The company is targeting shoppers with an annual income of at least Rs. 6,00,000, which is more than three times the average earnings of $2,000 (roughly Rs. 1,63,000) per year among India's 1.4 billion inhabitants. The new stores should drive "sales across channels as a leading Beauty Tech destination for Gen Z & Millennials," the Tata document says.
India's $16 billion (roughly Rs. 1.3 lakh crore) beauty and personal care market is much smaller than China's $92 billion (roughly Rs. 7.5 lakh crore), but market research firm Euromonitor estimates India's will grow to an average of 7 percent a year over the next few years.
"The Indian beauty market is not saturated, far from it," said Devangshu Dutta, head of New Delhi-based retail consultancy firm Third Eyesight. "If you are investing for the long term, with higher income profiles and changing lifestyles in mind, there's a long runway of growth ahead."
Tata faces strong competition to take advantage of the projected growth. Sephora, which has been in India for around a decade, has 26 outlets selling beauty and fragrance brands. Reliance, led by billionaire Mukesh Ambani, has a long-term plan to open 400 beauty stores, the first of which may open inside a Mumbai mall next month, according to a person familiar with its plans. Reliance did not respond to a request for comment.
Indian beauty retailer Nykaa, backed by private equity firm TPG, asset manager Fidelity and endorsed by a Bollywood celebrity, has said it plans to open as many as 300 stores, from 124 now.
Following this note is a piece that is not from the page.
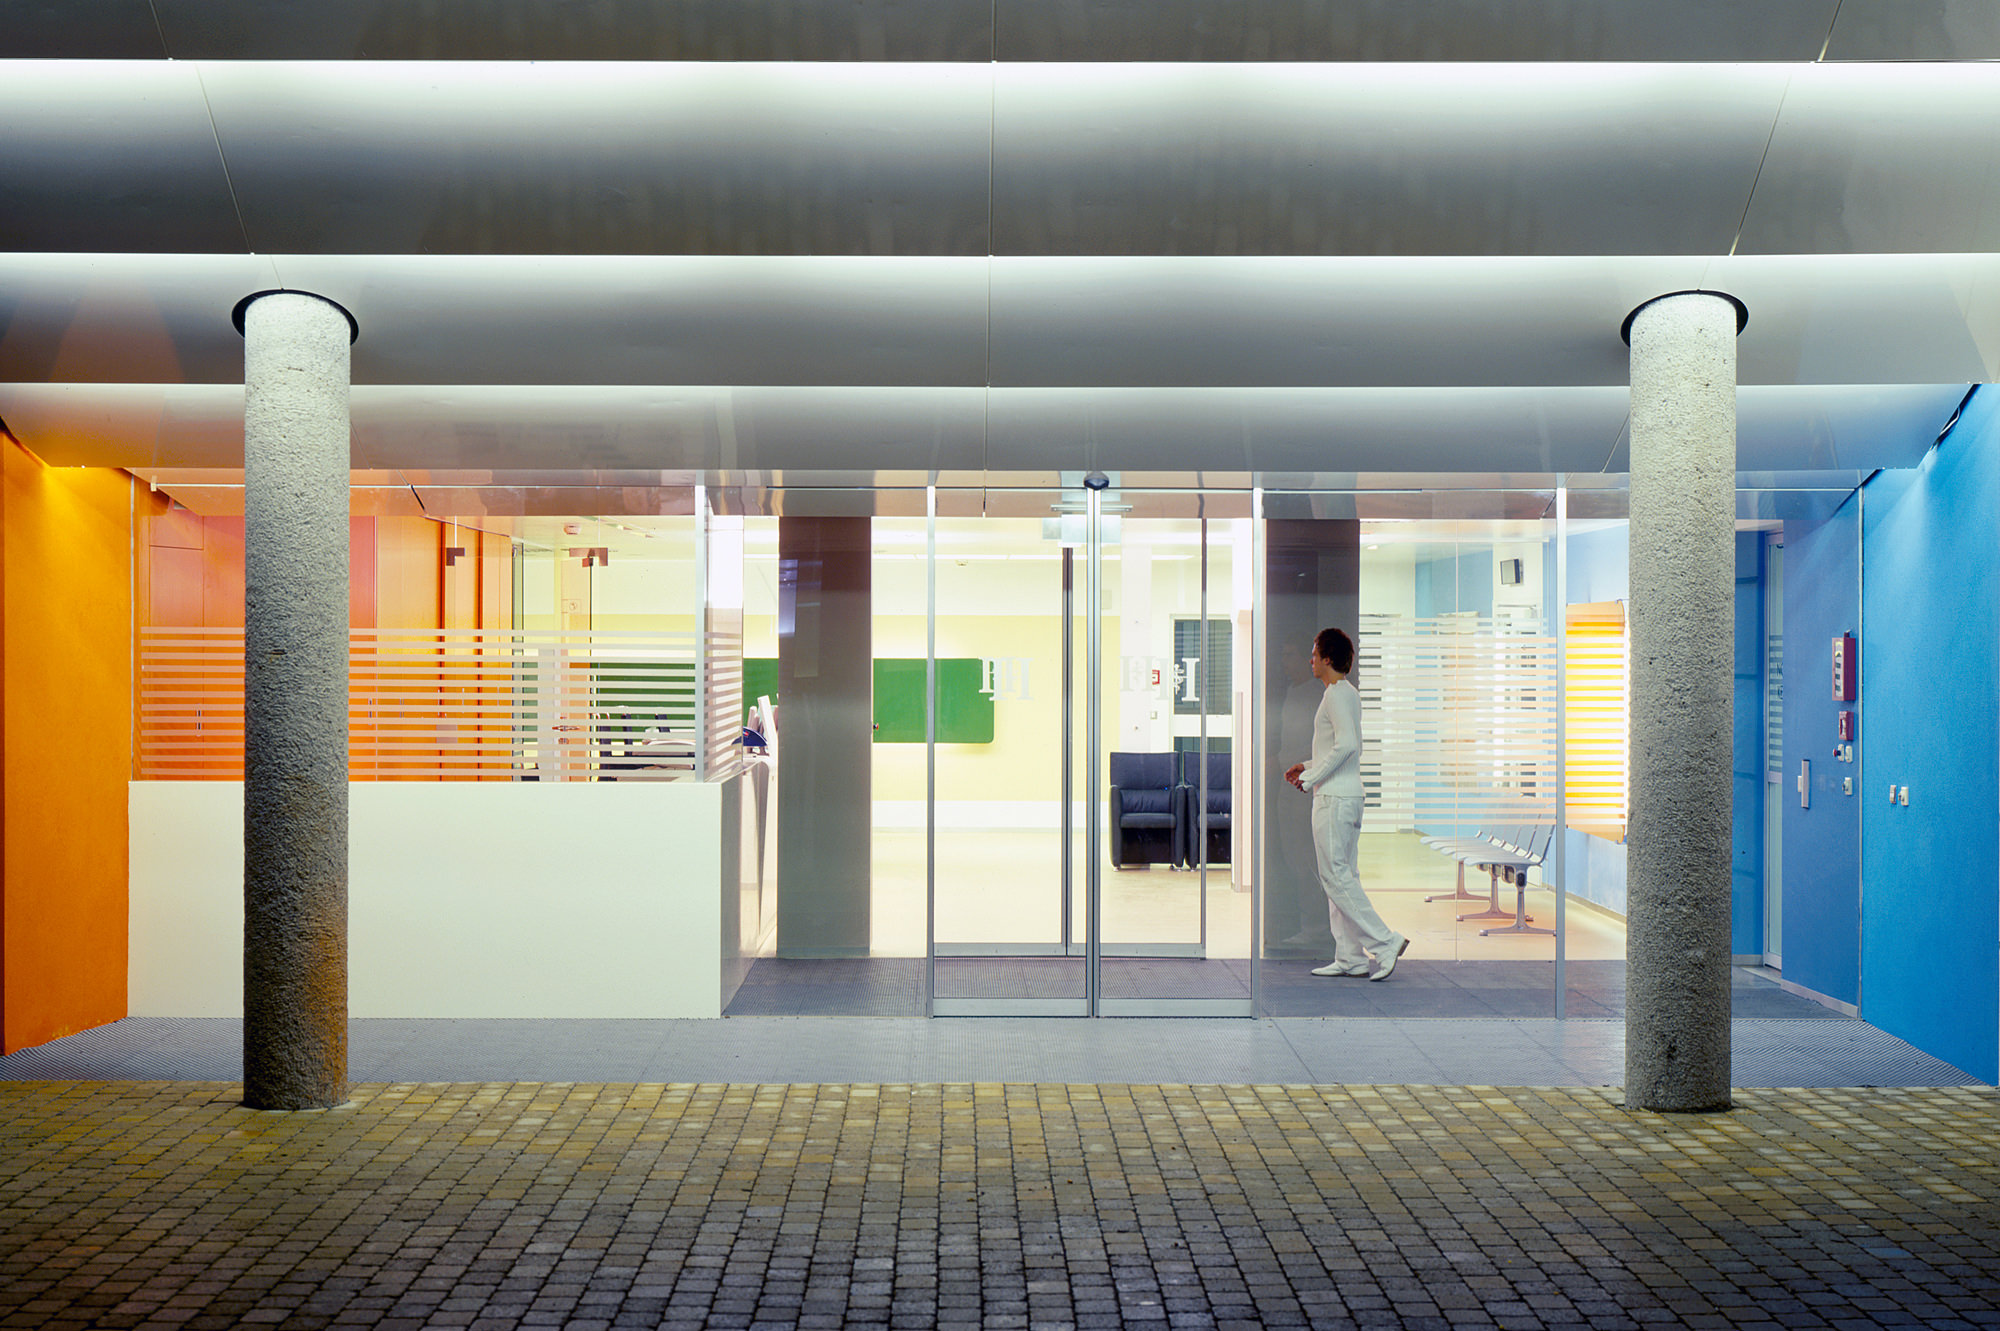 krankenhaus_kitzbuehel_04_umbau_sanierung__junger_beer_architektur

The 10-year-old company, which started as an online-only retailer, attracted attention to the sector last year when its stock nearly doubled after listing on the Mumbai stock exchange, valuing the company at the time at $14 billion (roughly Rs. 1.14 lakh crore).
Tata's first "beauty tech" store will likely open by March, with further expansion stretching into the next fiscal year beginning April which could see it open as many as 40 stores, according to the person familiar with the plan, who added the company will start with bigger cities such as New Delhi before considering smaller places.
However, Tata is struggling to persuade owners of upscale malls, where space is scarce, to take on a new beauty store where one already exists, if it does not have enough exclusive products or another differentiating factor to attract new customers and increase foot traffic to the mall as a whole, according to another person with direct knowledge of the discussions.
Alongside exclusive product launches, Tata is focusing on in-store technology, which the document seen by Reuters describes as a "key differentiator."
One of the tech tools will be a device Tata calls a "skin analyser," a device with a mirror that can read and analyse a customer's skin to reveal 25 to 30 attributes that can help make product choices. There will also be "virtual try-on" kiosks for eye and face makeup. Among them will be a circular stand with lipsticks slotted in; as someone lifts one, a digital mirror screen in front will automatically start showing how the colour shade will appear on the face, eliminating the need for repeated manual try-on before a purchase.
Tata is also testing the use of so-called geofencing technology to allow its store staff to detect when a customer using its app enters, and share the shopping history and wish lists with staff to make better recommendations, the person familiar with the plans said.